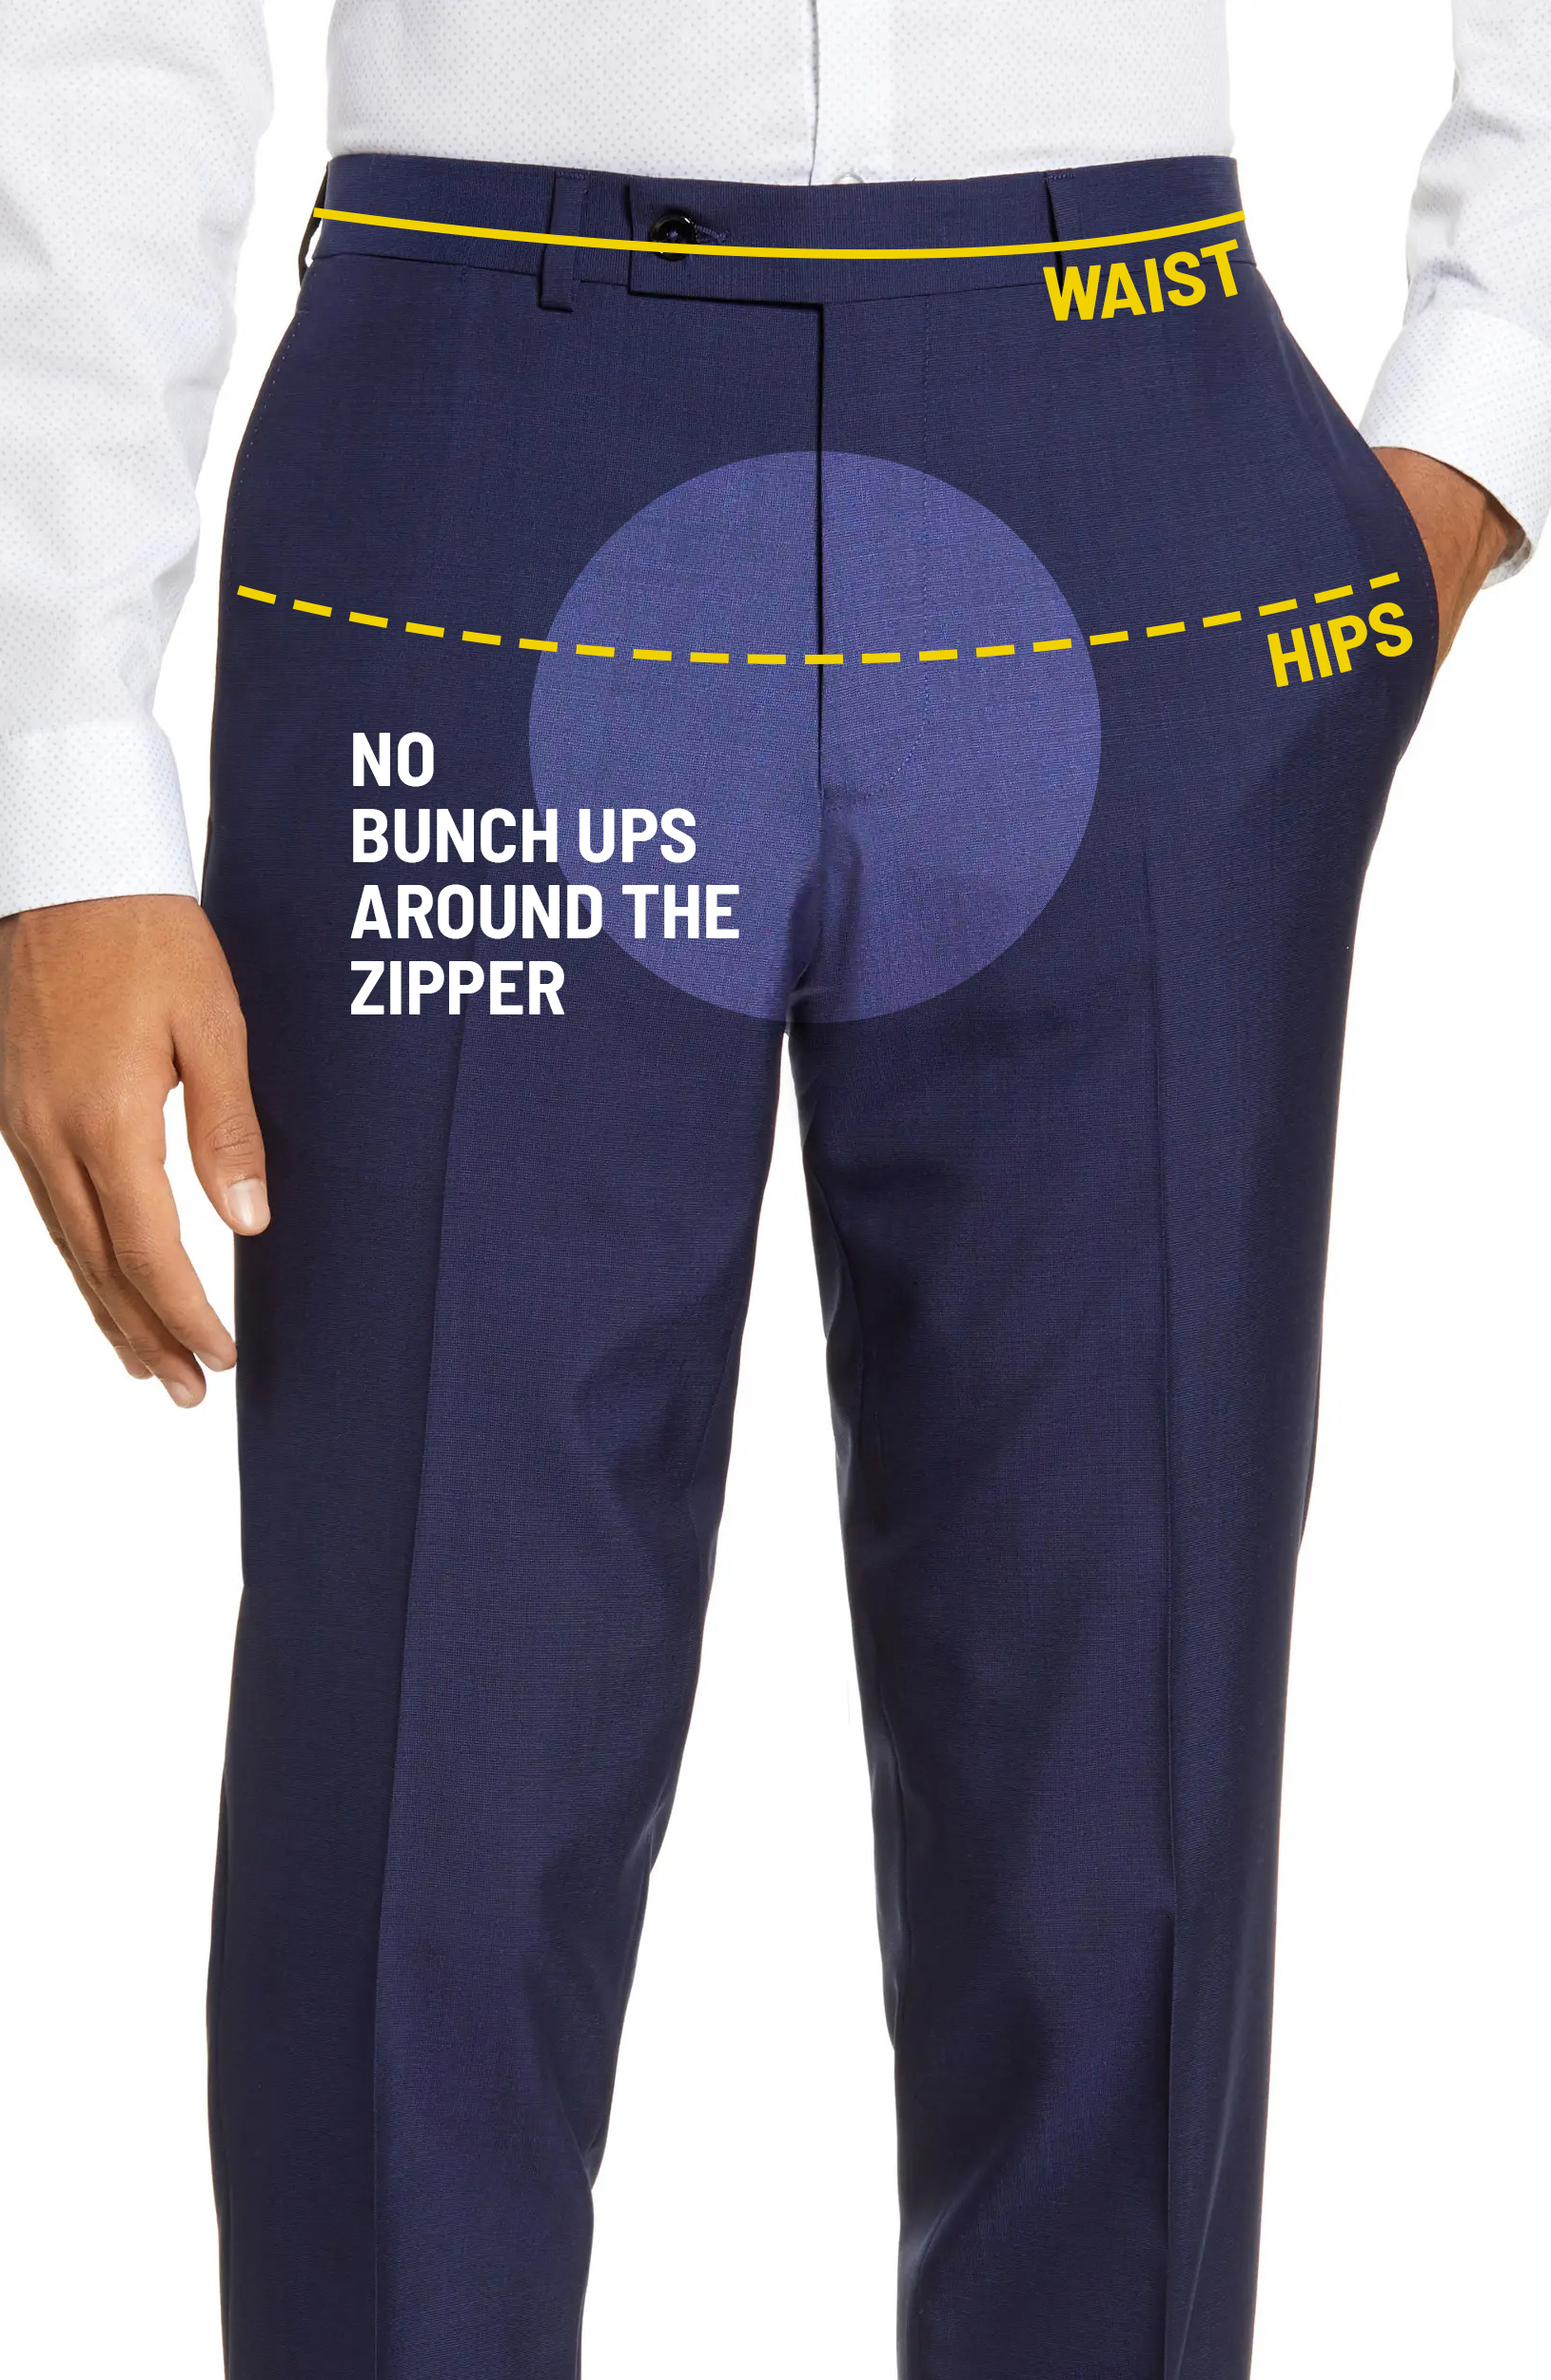 Proper pants' waist area fit
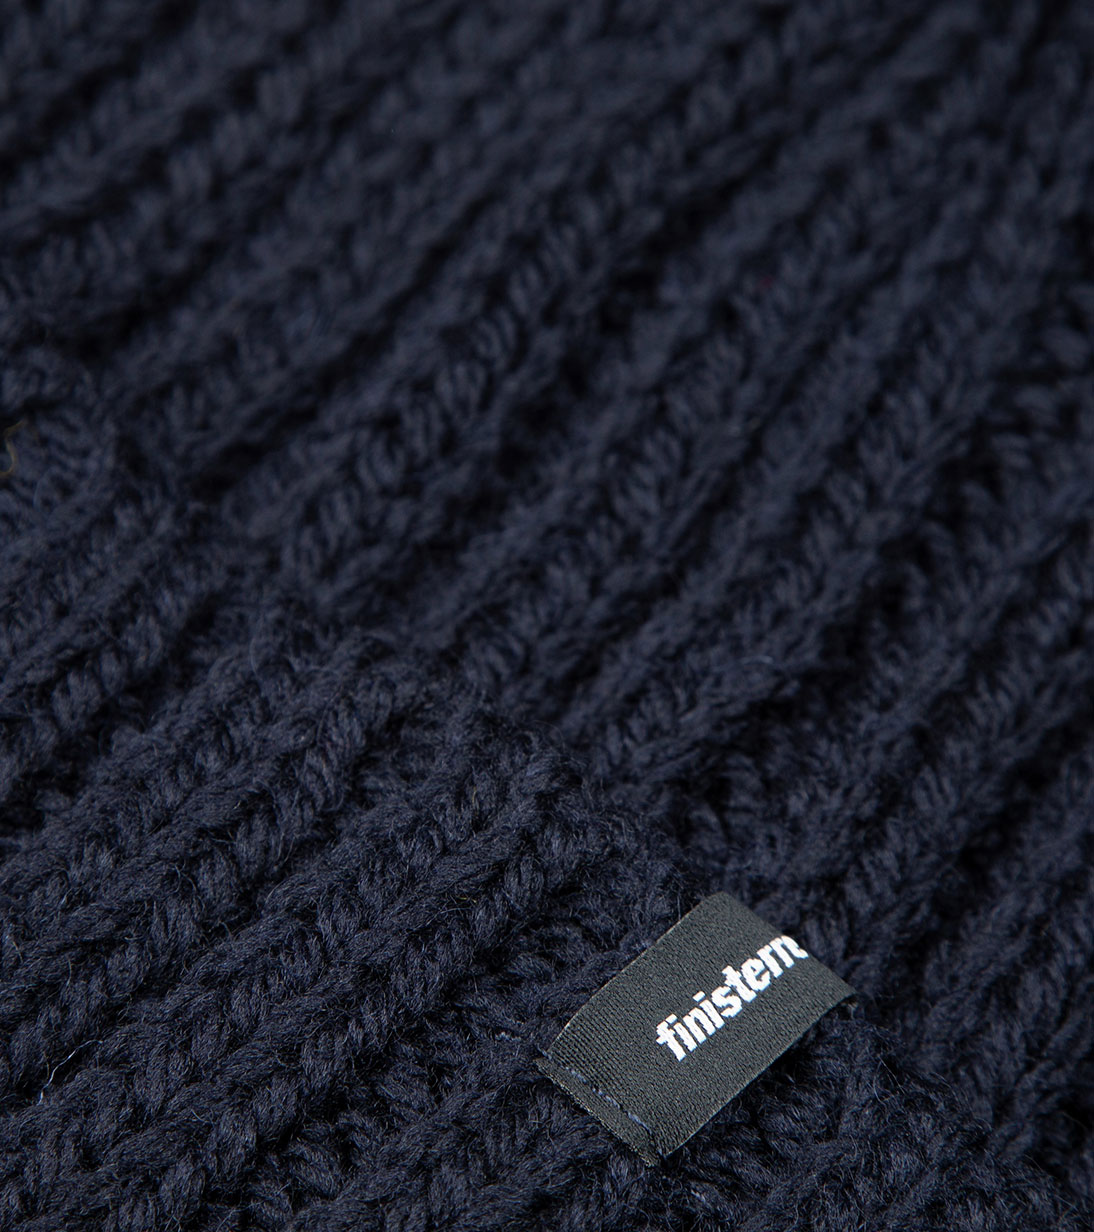 Made from: 100% Merino wool
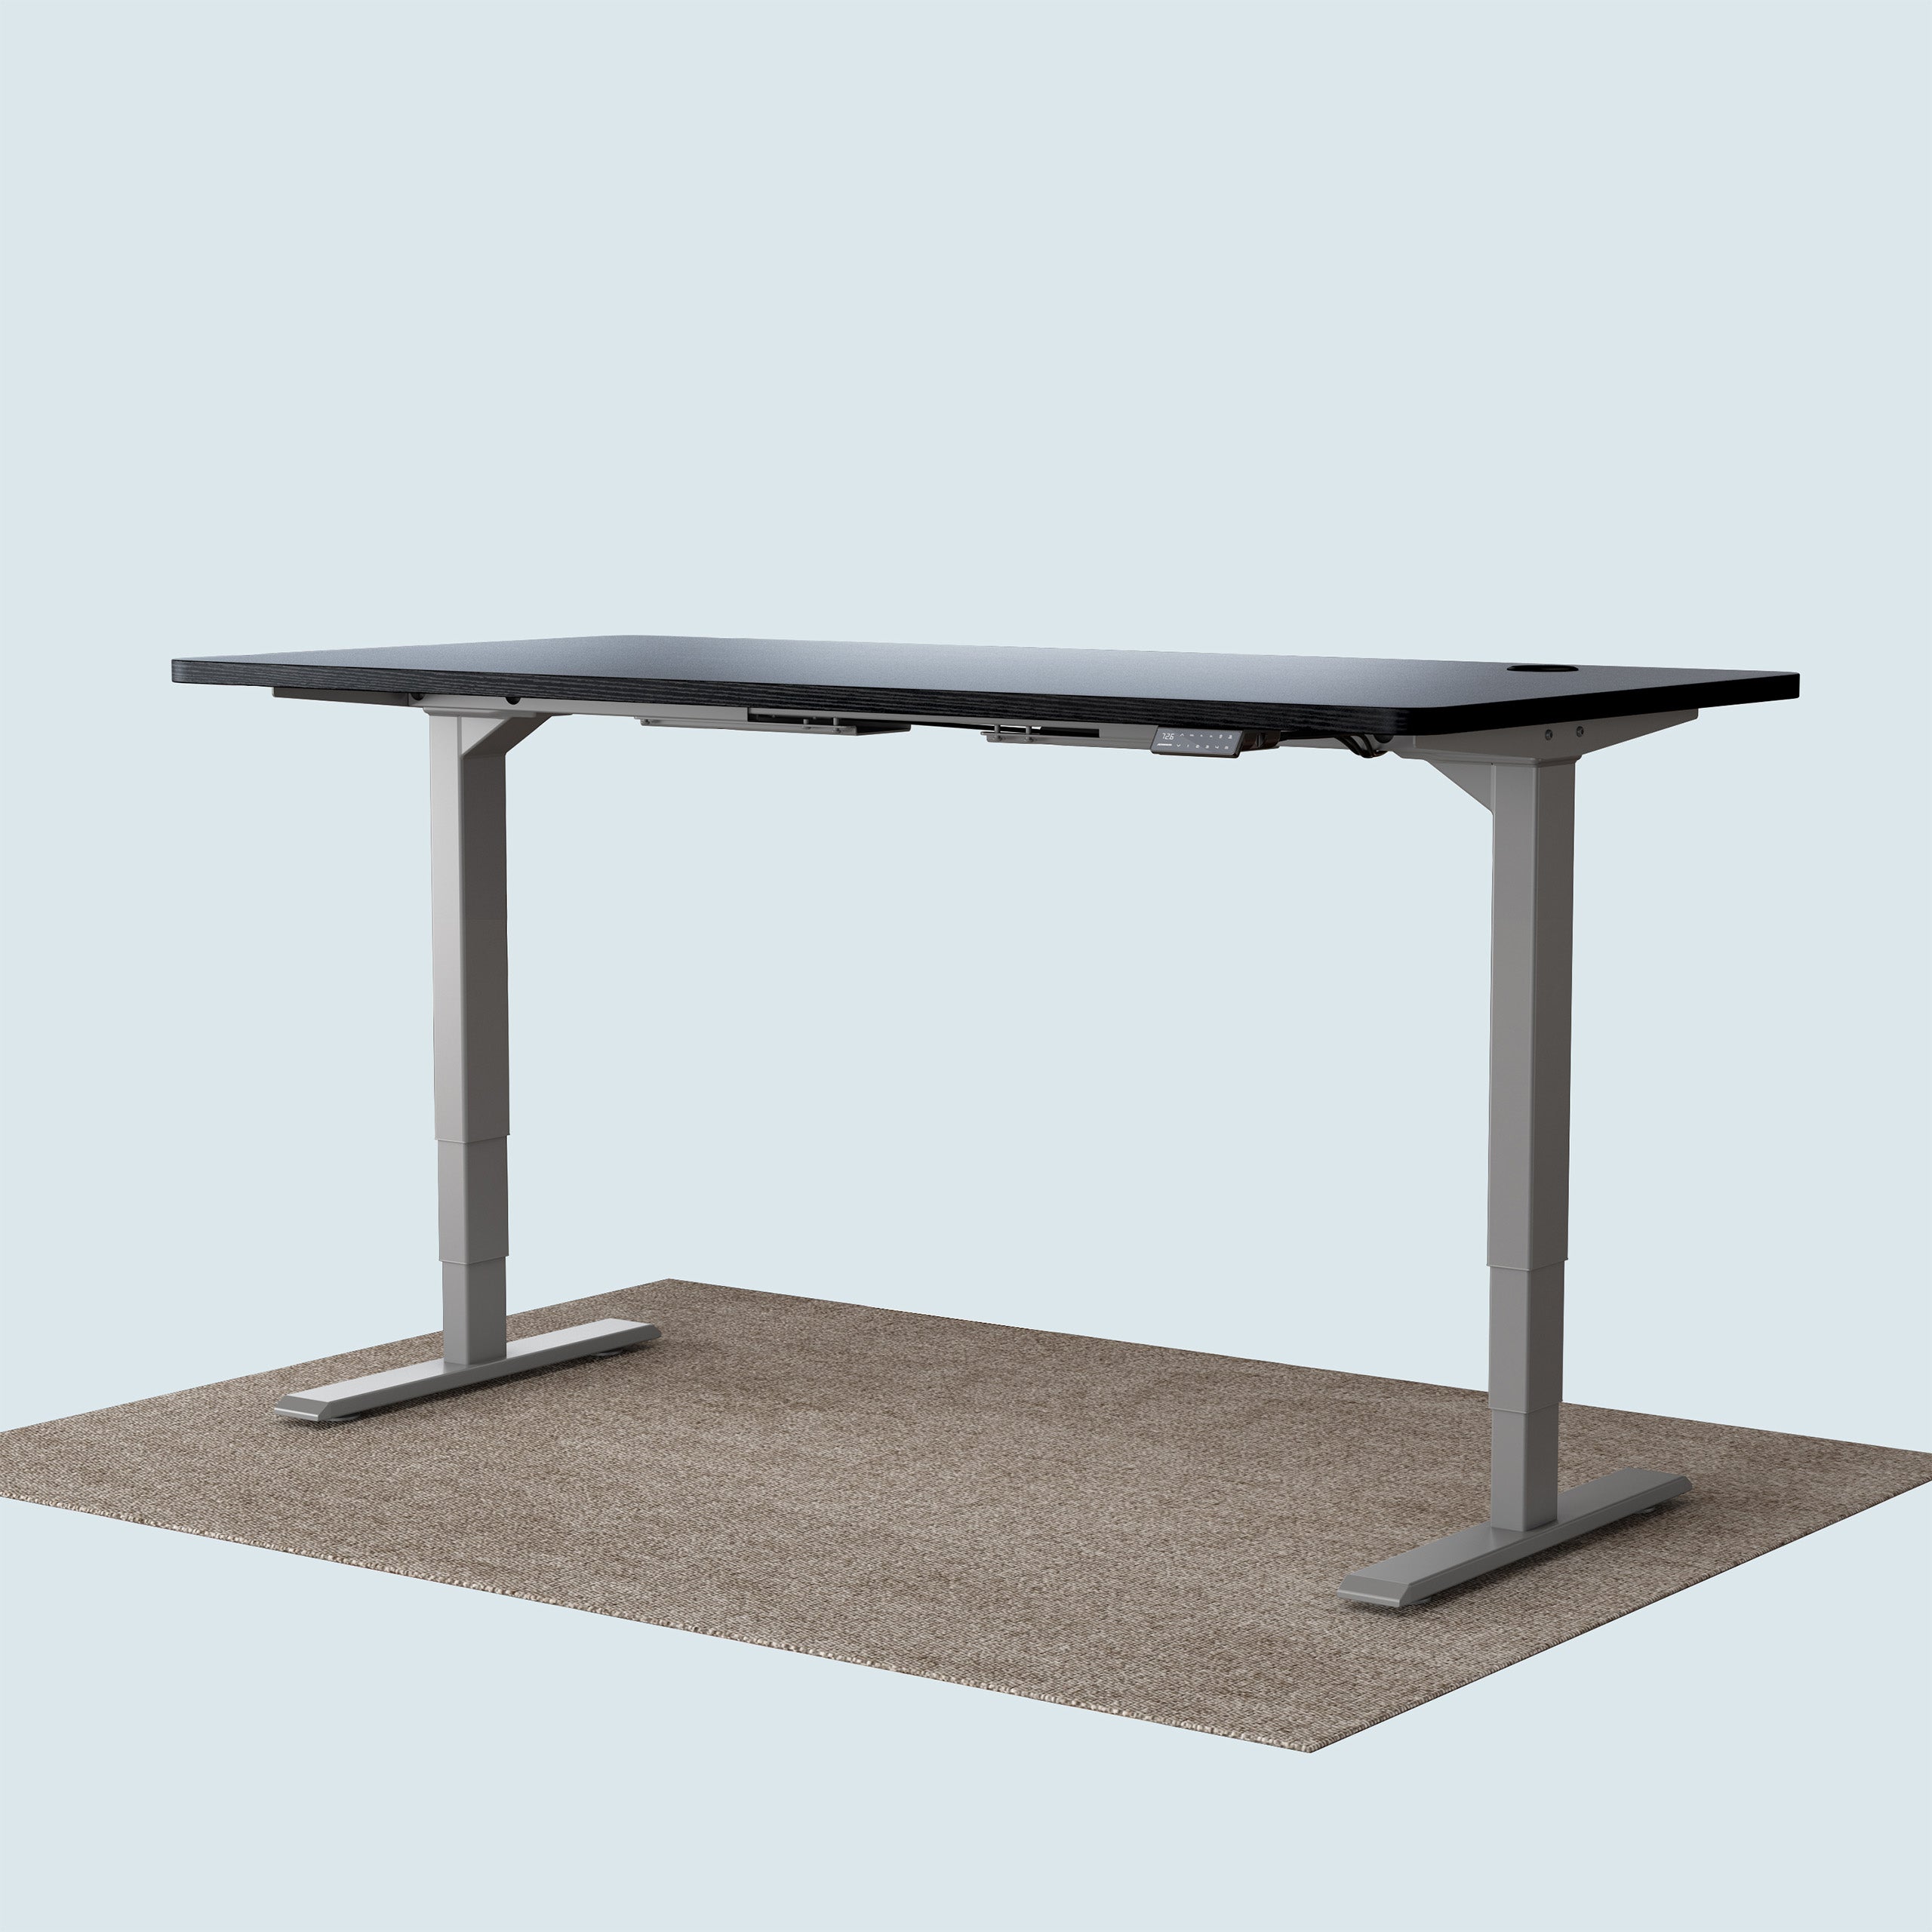 T2 Pro Plus height adjustable desk grey frame and 160x80cm black desktop

* * * * *

### Your instructions
Set down the material again exactly. Don't carry over any pictures.

### Written response
 Proper pants' waist area fit
 Made from: 100% Merino wool
 T2 Pro Plus height adjustable desk grey frame and 160x80cm black desktop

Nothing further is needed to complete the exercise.